Oracle Calculations

David Gerard

2019-11-20

Abstract

We provide some example usage of the oracle calculations available in updog. These are particularly useful for read-depth determination.

Controlling Misclassification Error

Suppose we have a sample of tetraploid individuals derived from an S1 cross (a single generation of selfing). Using domain expertise (either from previous studies or a pilot analysis), we’ve determined that our sequencing technology will produce relatively clean data. That is, the sequencing error rate will not be too large (say, ~0.001), the bias will be moderate (say, ~0.7 at the most extreme), and the majority of SNPs will have reasonable levels of overdispersion (say, less than 0.01). We want to know how deep we need to sequence.

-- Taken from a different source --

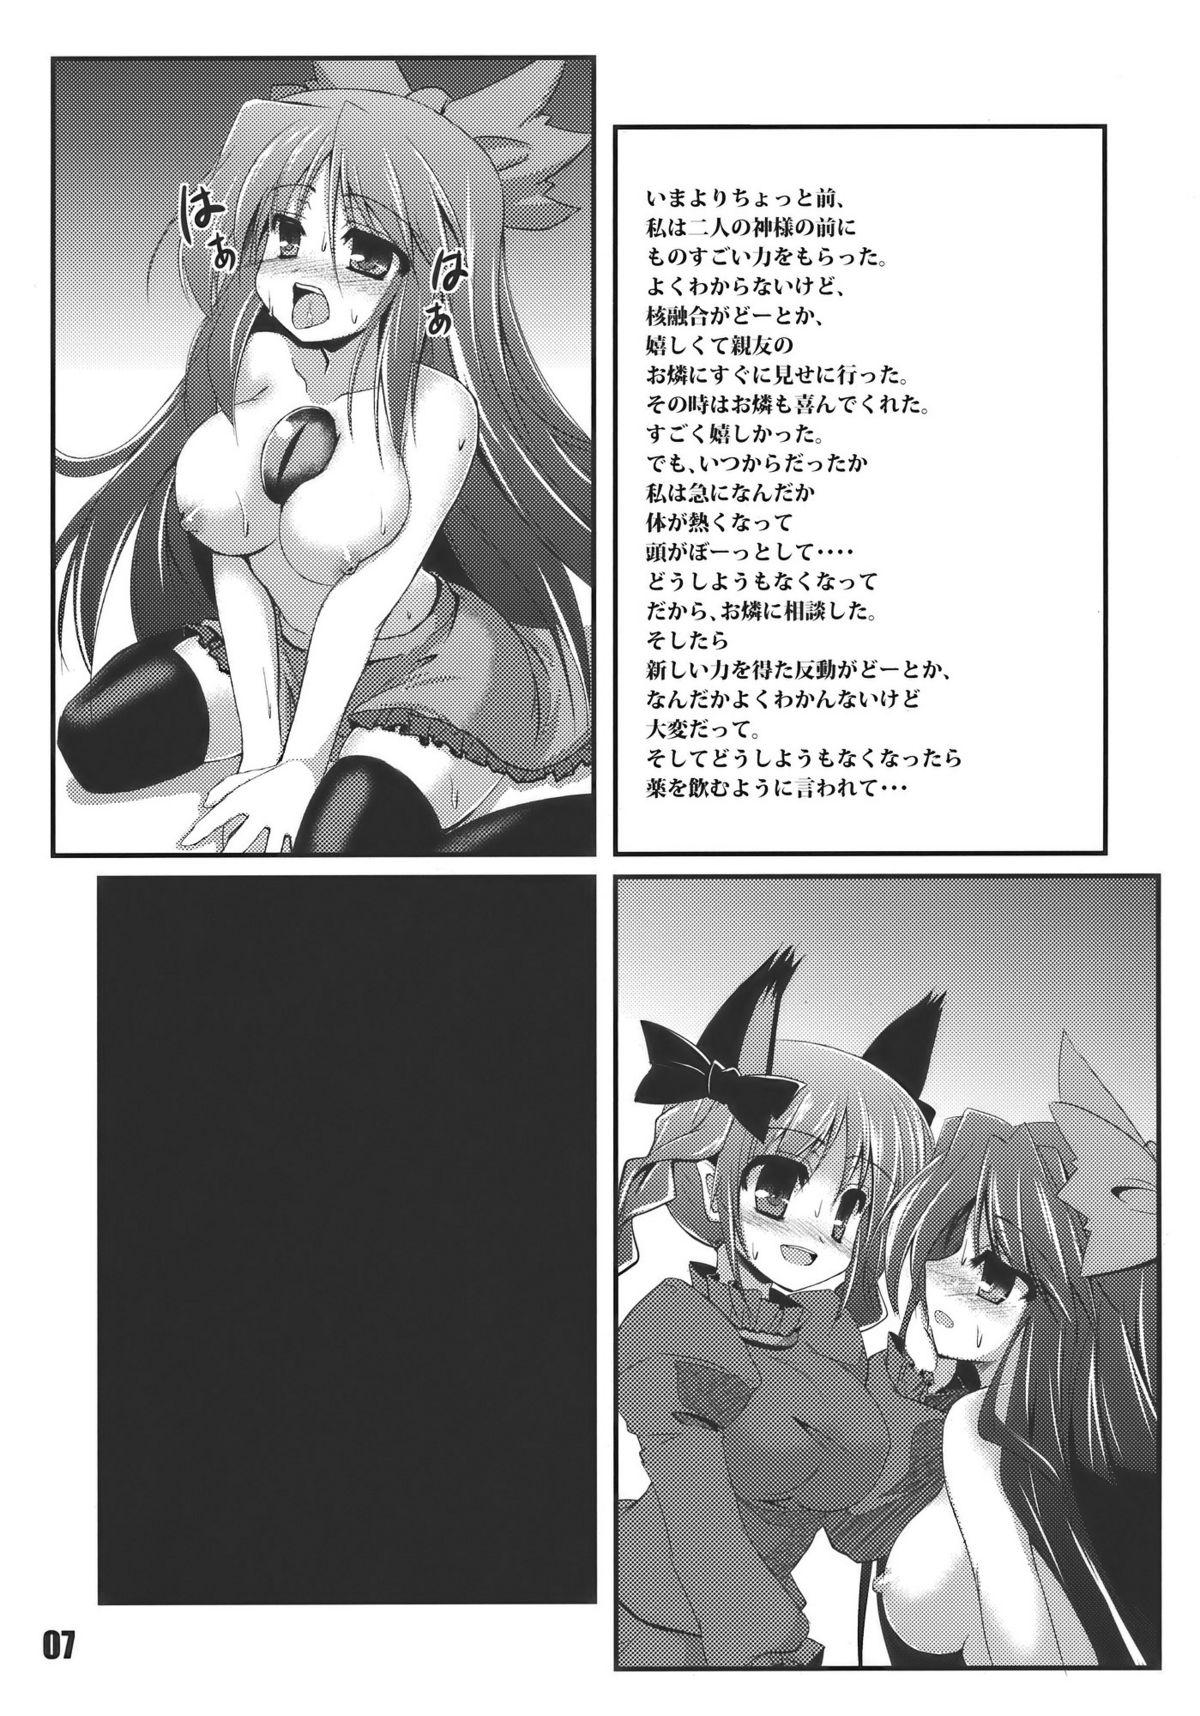 Penis Febrile Disease - Touhou project Girlfriend - Page 7

Using oracle_mis, we can see how deep we need to sequence under the worst-case scenario we want to control (sequencing error rate = 0.001, bias = 0.7, overdispersion = 0.01) in order to obtain a misclassification error rate of at most, say, 0.05.

bias   <- 0.7
od     <- 0.01
seq    <- 0.001
maxerr <- 0.05

Before we do this, we also need the distribution of the offspring genotypes. We can get this distribution assuming various parental genotypes using the get_q_array function. Typically, error rates will be larger when the allele-frequency is closer to 0.5. So we’ll start in the worst-case scenario of assuming that the parent has 2 copies of the reference allele.

library(updog)
ploidy <- 4
pgeno <- 2
gene_dist <- get_q_array(ploidy = ploidy)[pgeno + 1, pgeno + 1, ]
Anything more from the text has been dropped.